Evaluation and Management of Acute Dizziness in a 28-Year-Old Female
Begin by categorizing the dizziness based on timing and triggers—this determines your diagnostic pathway and is far more useful than asking about symptom quality (vertigo vs. lightheadedness). 1, 2
Initial Approach: Timing and Triggers Classification
The most evidence-based approach divides acute dizziness into three distinct syndromes, each with specific examination techniques and differential diagnoses 3, 1, 2:
1. Triggered Episodic Vestibular Syndrome (t-EVS)
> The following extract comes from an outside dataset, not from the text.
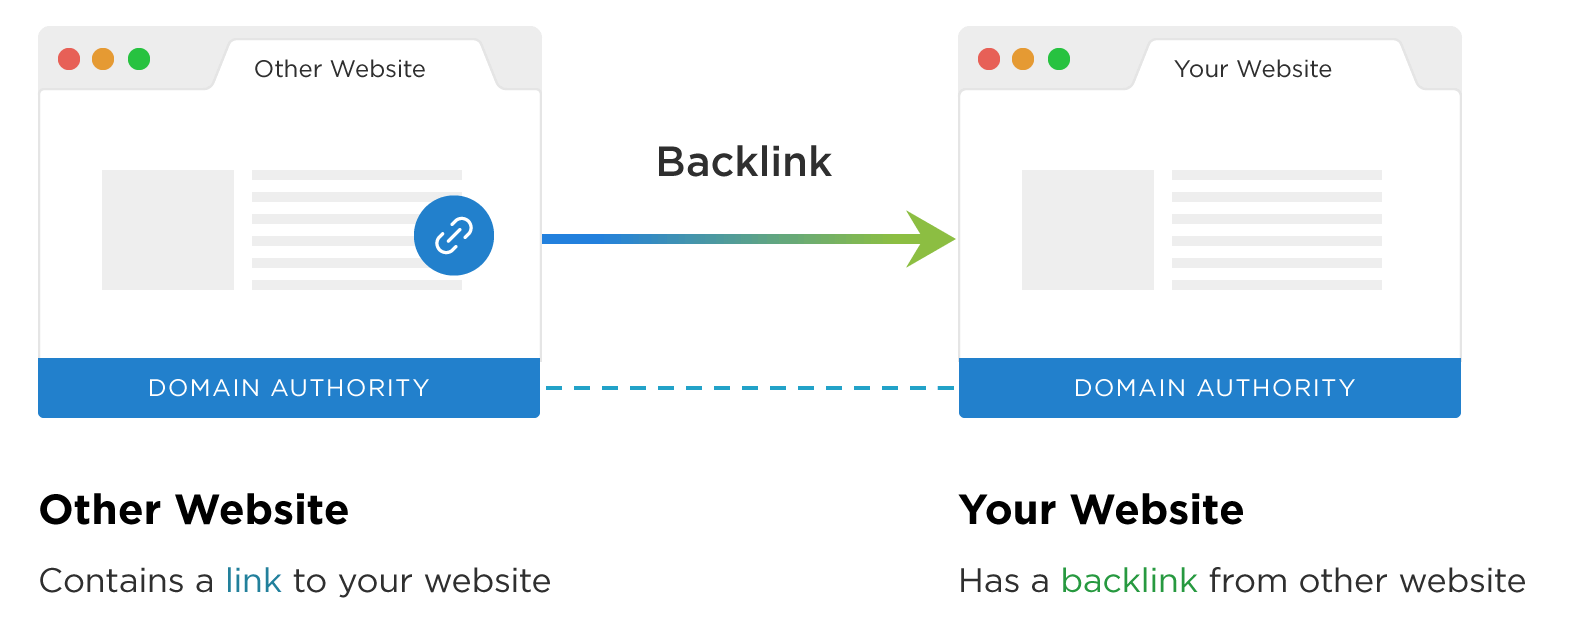 An example of a backlink strategy

Brief episodes triggered by head position changes
- Perform the Dix-Hallpike maneuver to diagnose posterior canal benign paroxysmal positional vertigo (BPPV), looking for torsional upbeating nystagmus when bringing the patient from upright to supine with head turned 45° to one side and neck extended 20° 4
- If Dix-Hallpike shows horizontal or no nystagmus, perform the supine roll test to assess for lateral semicircular canal BPPV 4
- Do not obtain CT or MRI imaging if typical BPPV is confirmed with appropriate nystagmus on provocative maneuvers 4
- Imaging is only indicated if Dix-Hallpike testing is negative or atypical (no nystagmus when symptoms occur, or atypical nystagmus patterns suggesting central pathology) 4, 3
Treatment for confirmed BPPV:
- Perform the Epley maneuver (canalith repositioning procedure) immediately—this has ~80% success rate with 1-3 treatments 4, 3
- Do not prescribe vestibular suppressants (antihistamines, benzodiazepines) routinely 4
- Do not recommend postural restrictions after the Epley maneuver 4
- Reassess within 1 month to document resolution 4
2. Acute Vestibular Syndrome (AVS)
Continuous dizziness lasting days, with nystagmus at rest
- If trained in HINTS examination (Head-Impulse, Nystagmus, Test of Skew), use this to differentiate stroke from vestibular neuritis in patients with spontaneous nystagmus 3
- Add the finger rub test to further exclude stroke 3
- In patients without nystagmus, assess severity of gait unsteadiness—severe gait instability suggests central pathology 3
- Do not use CT brain—it misses posterior circulation strokes 3
- Use MRI as confirmatory test if HINTS suggests central pathology or is equivocal 3
Critical caveat: HINTS examination requires specific training and is inaccurate when performed by clinicians without expertise—it is not standard of care as of 2023 when applied by untrained emergency physicians 3, 5
Treatment for vestibular neuritis:
- Consider short-term corticosteroids as a treatment option 3
3. Spontaneous Episodic Vestibular Syndrome (s-EVS)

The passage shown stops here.